# winter photoshoot locations



## schumionbike (Aug 28, 2009)

Okay, so I am planning a photoshoot with a friend of mine.  It's in the winter and the theme  is the Vietnamese traditional dress.  Here is the problem.  The winter in CT is quite cold so we kind of have to do the shoot indoor.    For me the best location probably is the mall but that could trouble some with the security and all of that.  Where is a good place to go that is indoor with decent lighting for you to do a photoshoot.  Anyone have any idea??? thanks.


----------



## camz (Aug 28, 2009)

The mall is actually a great idea. The last shoot we did we planned it during a sunday morning right at opening for obvious crowd control reasons. Have someone help you out clear the line while shooting, it's difficult doing that on your own. Some of the malls here got smart and started requiring shooting permits so we went to one where it wasn't so where it also had great lighting(glass ceilings). Malls already have props for you if you wanted that winter theme so that bird's definitely killed. Check out the shoot here

Generally you want indoor locations to have lighting coming from all directions evenly if you are a natural light shooter. If your a strobist well you can pretty much shoot anywhere but I do feel bad for you carrying all that clunk around and getting less shots b/c of damn setup time  j/k.

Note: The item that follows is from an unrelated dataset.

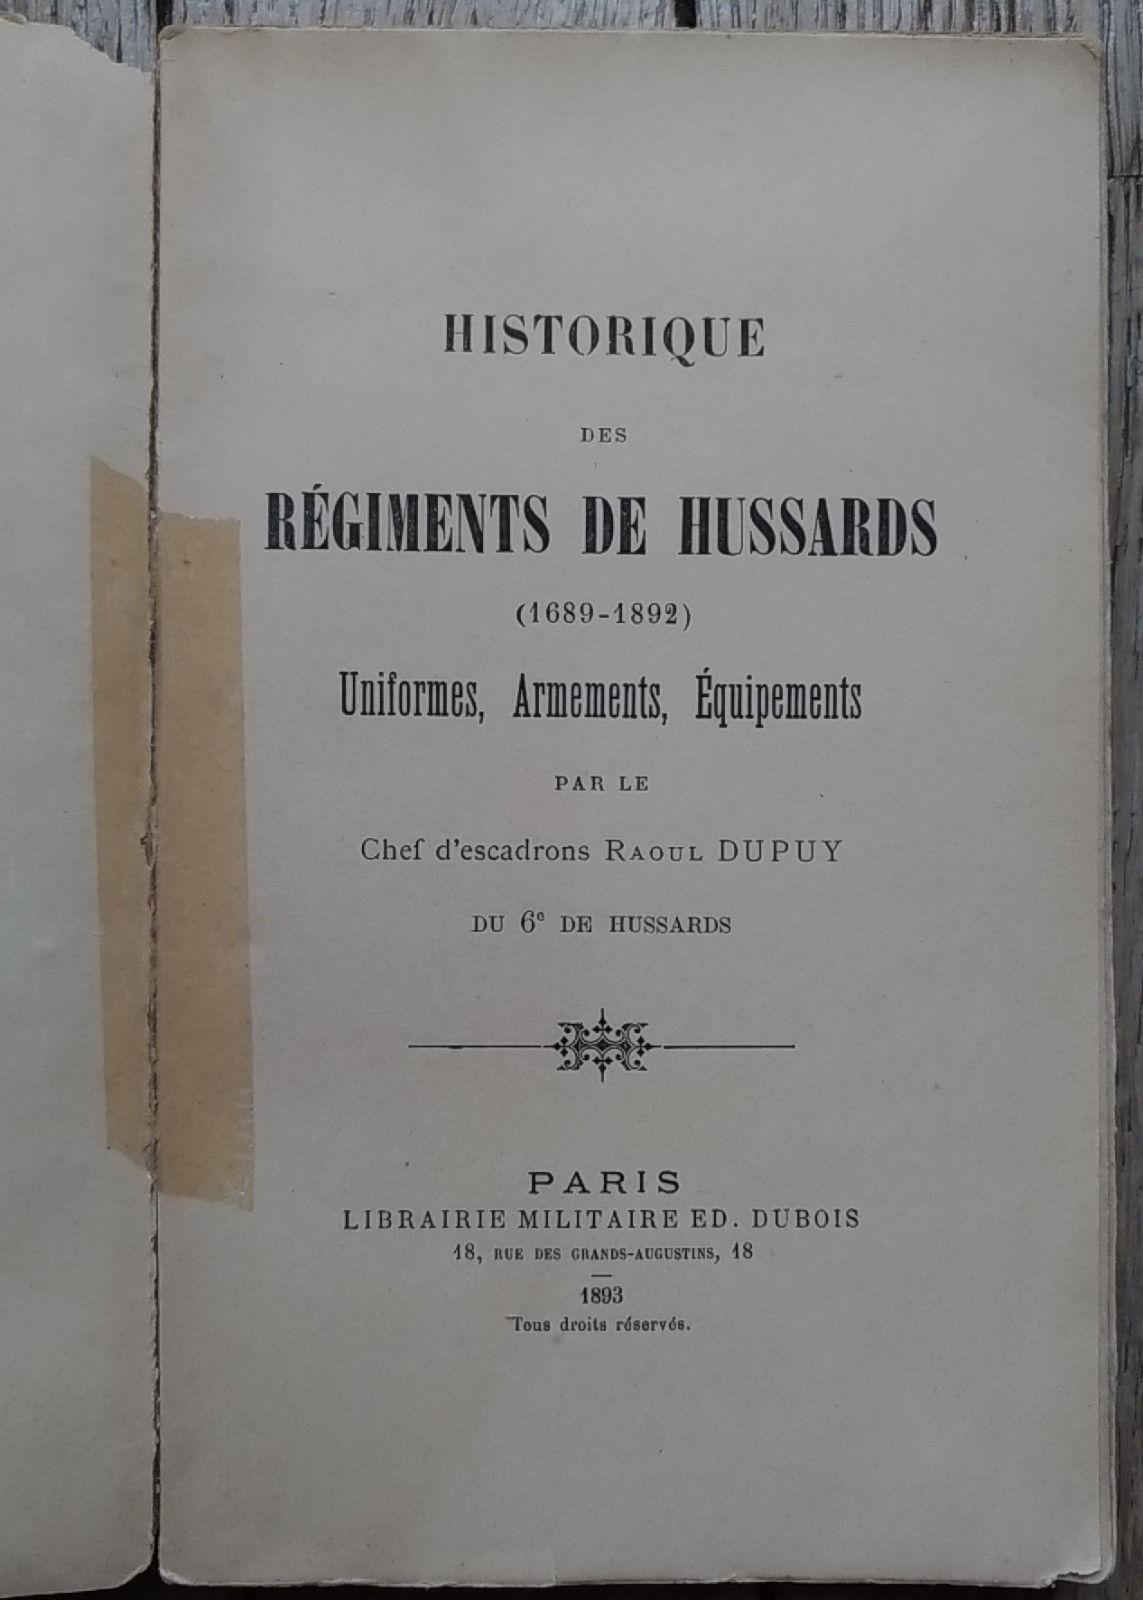 [LIVRE] Historique des RÉGIMENTS de HUSSARDS  1527334661-historique-des-regiments-de-hussards-uniformes-armements-equipements-dupuy-3

So scout places under that criteria - could be a train station, a mall, a senior center...who knows what's in CT right? Dramatics you can always go for the rembrandt style window lighting but do not limit yourself to just that. Give the client some versatility to choose from. Good luck on the shoot! :thumbup:


----------



## schumionbike (Sep 3, 2009)

thanks for the tips, I saw your photoshoot, that's was beautifully done. I definitely going to scout around a little more in CT.


----------